Step 7, circulation execution in step 2, all the model short text traversals in fire compartment wall finish;

Step 8, the similarity of fire compartment wall interception and model short text is higher than this short message text of a predetermined value.

The effect that the present invention realizes is that in question answering system, the problem at the user proposes according to its inherent meaning, is included into the classification space of a whole page accurately in the location automatically with it, makes that the logic correspondence of the problem that each classification space of a whole page is included with it is strong.The field that the answer user of being convenient to answer a question is good at according to self selects the space of a whole page to answer, and the problem that makes obtains very fast authority's response.Simultaneously, the inventive method has improved the accuracy that the short text similarity is calculated, and can give the expert who is familiar with this problem domain with question recommending more accurately.Make question answering system as the platform of information interchange, make the distribution of information more accurate.

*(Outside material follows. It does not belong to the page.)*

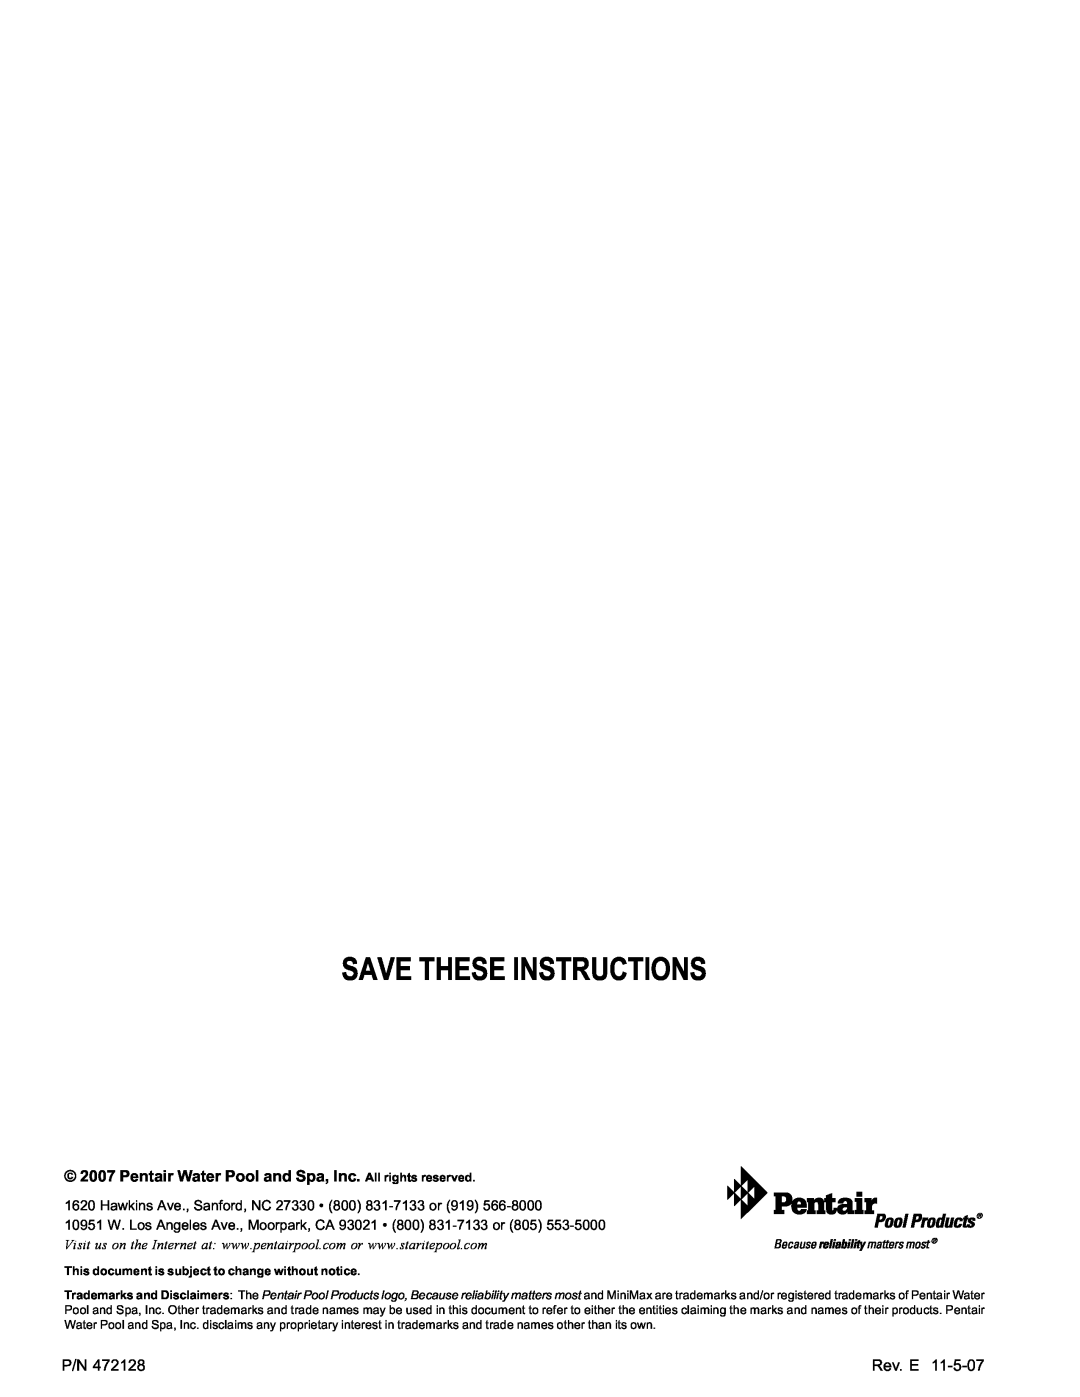 Pentair Hot Tub manual Save These Instructions, Pentair Water Pool and Spa, Inc. All rights reserved, Rev. E 
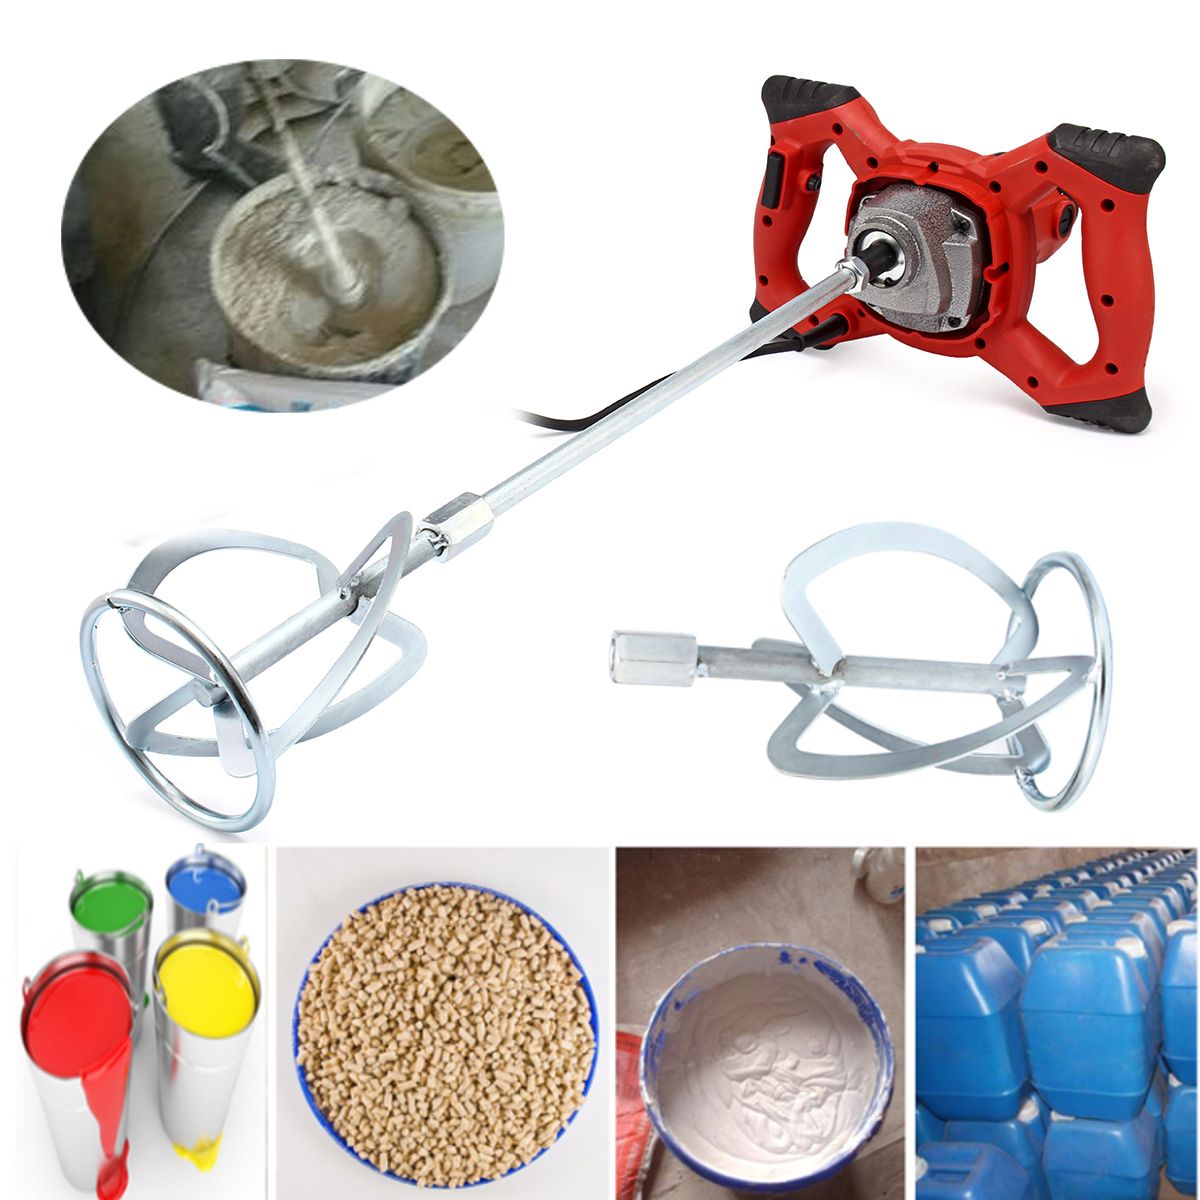 6-Variable-Speed-Electric-Mortar-Mixer-Paint-Concrete-Glue-Plaster-Rotary-Mixing-Machine-1360523

In the short text search field, search method of the present invention is based on probability topic and retrieves, and whether reaches threshold value to judge its correlation in terms of content by judging similarity, has therefore also improved the accuracy of short text search return results greatly.

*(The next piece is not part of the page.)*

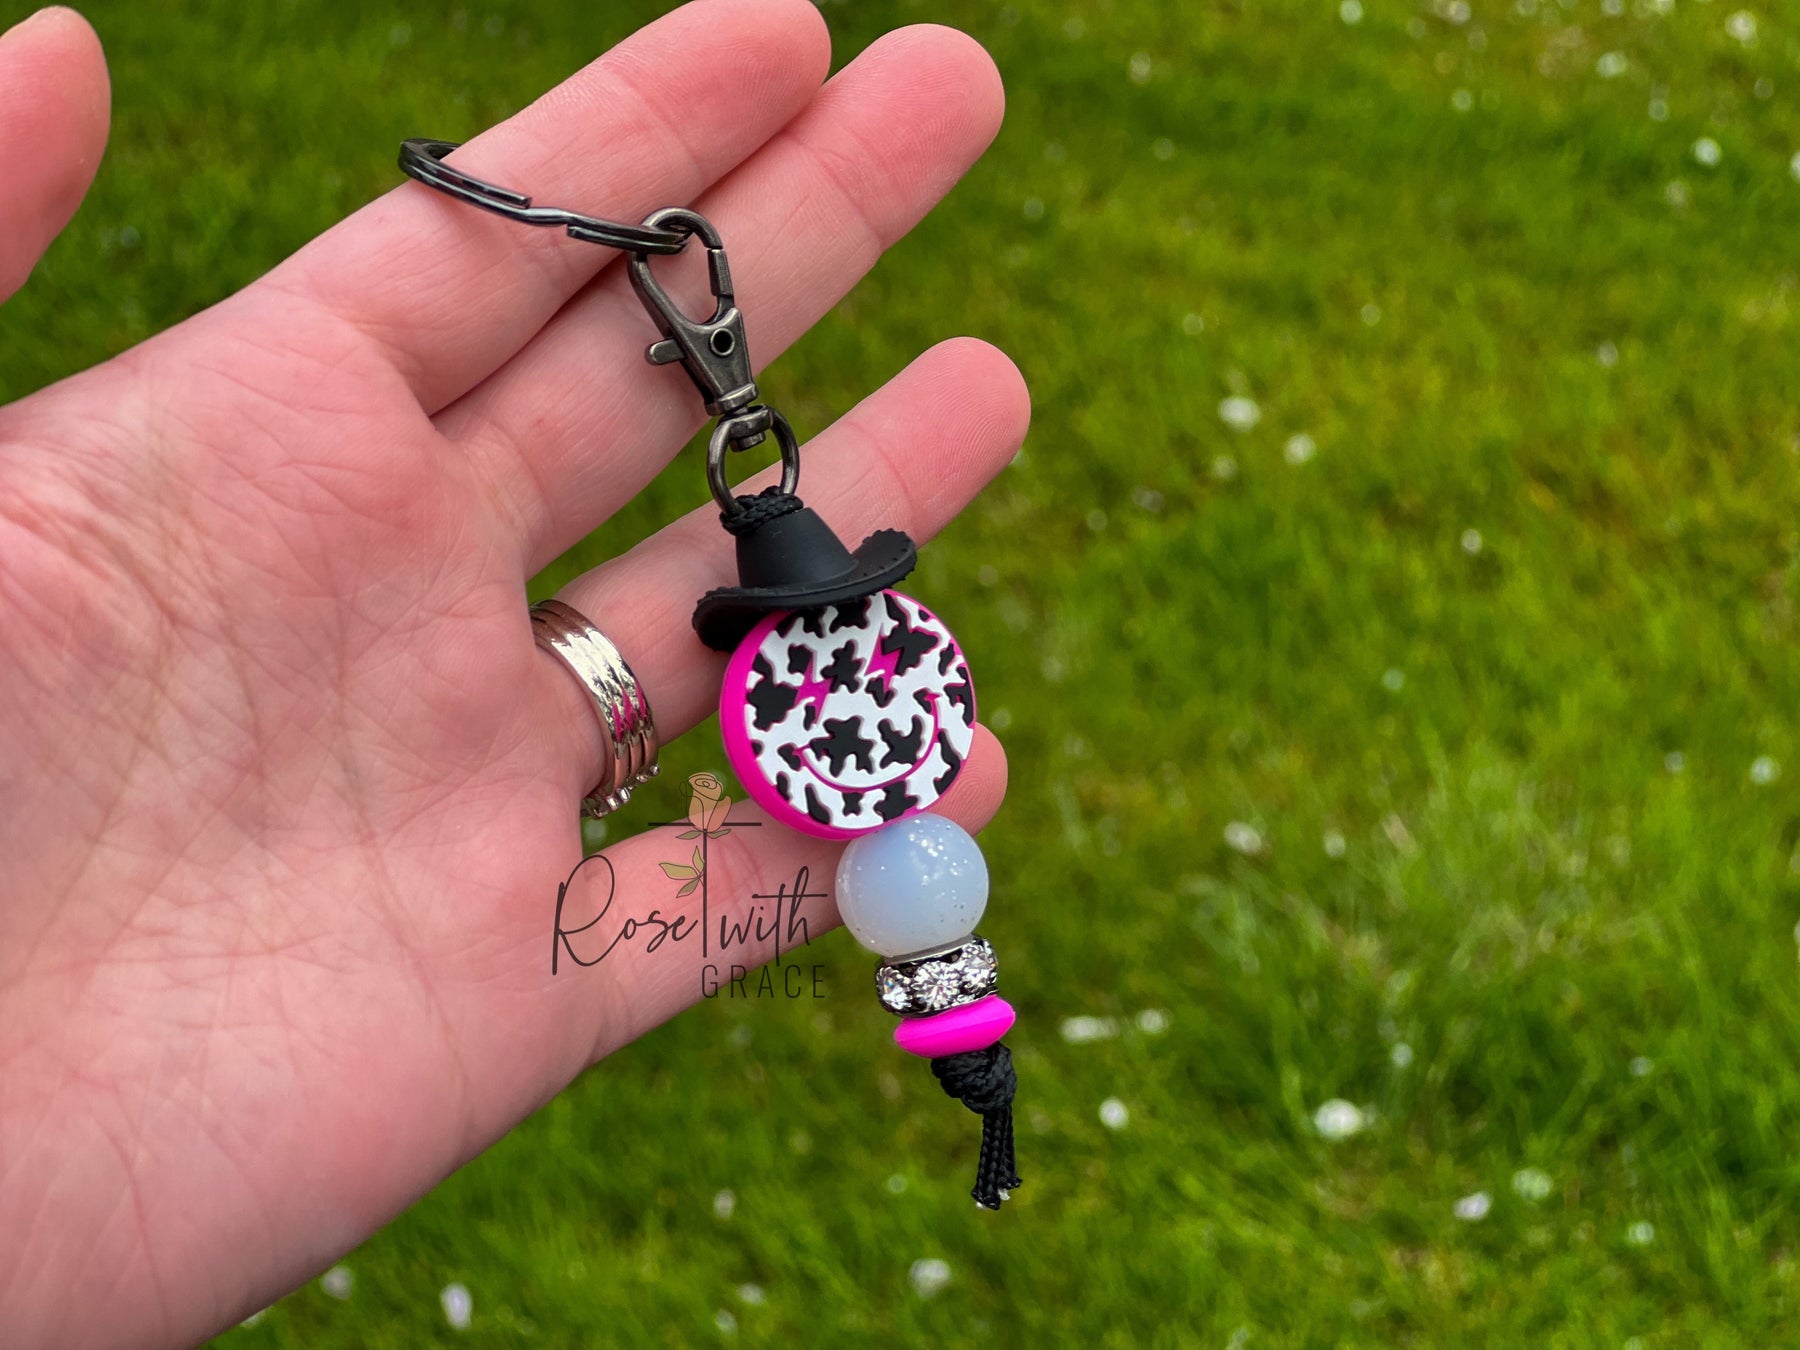 COWSTRUCK COWGIRL MINI KEYCHAIN Rose with Grace LLC

In getting rid of spam, shielding advertising message field, but effective recognition discharging garbage mail, advertising message, and indicated, shield.Improve the efficient and the accuracy of spam, advertising message identification.

Description of drawings

Figure 1A, 1B, 1C, 1D are depicted as a kind of structural representation that carries out the system of short text classification based on probability topic;

Fig. 2 A, 2B are for carrying out the flow chart of short text classification based on probability topic;

Fig. 3 is for carrying out the flow chart of question recommending based on probability topic;

Fig. 4 A is the structural representation of search engine server;

Fig. 4 B is for carrying out the flow chart of short text retrieval based on probability topic;

Fig. 5 A is the structural representation of mail server;

Fig. 5 B is for discerning the flow chart of spam based on probability topic;

Fig. 6 A is the structural representation of the present invention's one Application Example;

Fig. 6 B is the schematic flow sheet of the present invention's one Application Example;

Fig. 7 A, 7B are the little average and grand mean value schematic diagram of getting the F1 that the different themes number obtains on two data sets;

Fig. 8 A, 8B are depicted as the little average and grand mean value schematic diagram of getting the F1 that different λ values obtain on two data sets.

Embodiment

The invention discloses a kind of method and system of carrying out short text classification, can find out true relation between word and the word, and then calculate the similarity between the short text according to probability topic based on probability topic.With localizing objects data efficiently.

In the data processing equipment of the fire compartment wall of a mail server, search engine server, mobile communication system or question answering system server end, a kind of system that carries out the short text classification based on probability topic is set.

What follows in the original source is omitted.